One of the beauties of Sheilah is her nuanced and complex understanding of things whereas I am quite literal and often see things in black and white. Part of how I contribute to the collaboration is in an impulsive way. I will suddenly grab a camera and shoot or make a cut in the timeline without thought. We do plan and construct shots in order to manifest an idea or further the narrative, but the documentary footage usually comes in an urgent manner. 

A concise answer to your question about desire is that we make things we want to see. Lesbian sex doesn’t get much air time on the silver screen. We want to see it, so we make it.

Detail: “Stack for Martha’s Sisters” by Dani + Sheilah ReStack, Photo by Lynné Bowman Cravens, The Art Galleries at TCU, 2021

CC: Expanding upon the Carrington’s Hyena work, the commissioned work Stack for Martha’s Sisters on exhibit at Fort Worth Contemporary includes a video projection onto a sculptural installation inspired by your research of the Sanctified Sisters of Belton, Texas, and the idea of alternative spaces away from the patriarchal order. You mentioned how ideas of freedom can be translated through time and locating oneself within these spaces. How did your research on the Sanctified Sisters led you to discover the Susan B Anthony Women’s Land Trust in Athens, Ohio, where you filmed the projection loops for the installation? And I’m also curious about the project and its significance showing in what has been traditionally a patriarchal city. 

Sheilah: We were fortunate to come for a site visit in May and were spending time in the gallery brainstorming. As a way of just acquainting myself with a place I often will Google if any womens’ lands exist (or have existed) in the state/place. So, likewise I did the same Google search while in Fort Worth. As you say, because of the reputation of Texas, I don’t think I had been expecting to come up with any such spaces in my search. Neither of us have ever spent time in Texas before, and we were both surprised to find evidence (albeit little) on the internet of Martha McWhirter and her Sanctified Sisters forming in 1866 in Belton, Texas. The Sanctified Sisters come out of religion, as many such subversive artists and activists did, but ended up acting as a women’s separatist community. 

[As the story goes] Martha had a revelation in the kitchen, and based on that, felt she had been sanctified and should separate from the church. She invited other women to join her.
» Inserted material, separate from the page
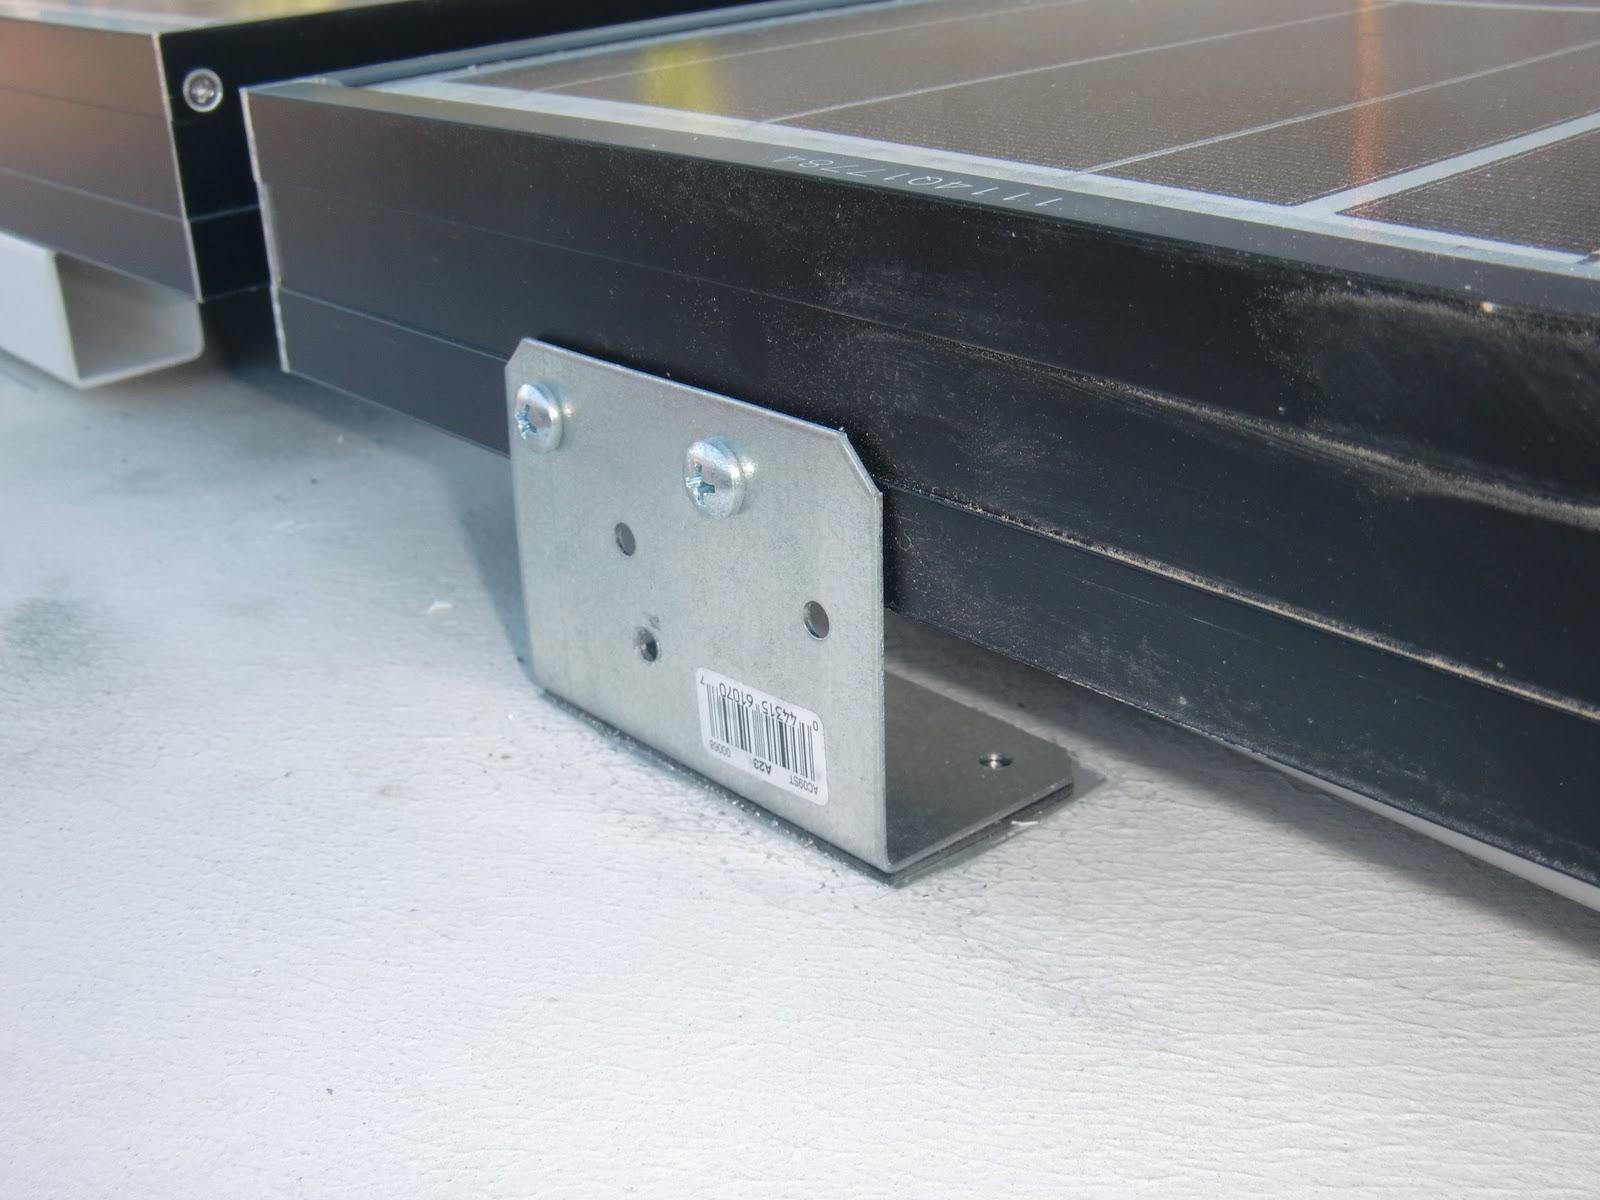 haulmark trailer wiring harness haulmark image wiring diagram for haulmark trailer the wiring diagram on haulmark trailer wiring harness

One of the tenets of her revelation was separation from husbands/ men and denial of sex; another was listening to dreams as decisions. For many years there were over 20 women and their children living in houses together in Belton. It has been called one of the first safe houses for women — many of the women were leaving situations of emotional or physical abuse. At first Martha and her sisters were vilified by the town — seen as disruptive to the patriarchal order. However, they eventually became economically self-sufficient, and even successful … they provided for themselves, and at one point needed a dentist, and so one of the Sisters became one. The Sisters bought and operated one of the major hotels in Belton. With economic success came greater acceptance of the group. The Sanctified Sisters continued from the 1860s until 1903, when they moved to Washington, DC. I found little evidence of what happened to the group after their move. 

The show is in homage to these women willing to disrupt the patriarchal order, to imagine something new, to have a vision in the kitchen. There is a recognition when Dani and I make work that we all stretch horizontally — time moves sideways, not straight. We are trying to raise these largely forgotten parts of history up, and simultaneously give ourselves courage — as we try to imagine what family can look like, what spaces outside of patriarchal order can be, so that we can be inspired to keep going and keep trying. 

We live in Ohio, and we wanted to pull that line of horizontal influence and intention to see what it could land on where we live. The Susan B Anthony Memorial Unrest Home (SuBAMUH) in Athens, Ohio was established in the 1990s in memory of Susan B. Anthony and as a place for women to gather. We visited there before, when we were shooting the video Strangely Ordinary This Devotion, and it was interesting to see how all of us (Dani, Rose, myself) felt so free in our bodies knowing that we would not encounter any men. We shot the loops for this project in that same space of the outdoor kitchen and outside the Star Cabin (a funky pentagonal construction on the land) as a way to pull the string of time and influence and place ourselves and our family in relation to this longer quest for autonomy, safety, and choice to be outside of the mainstream society demarcation of family, relation, desire. 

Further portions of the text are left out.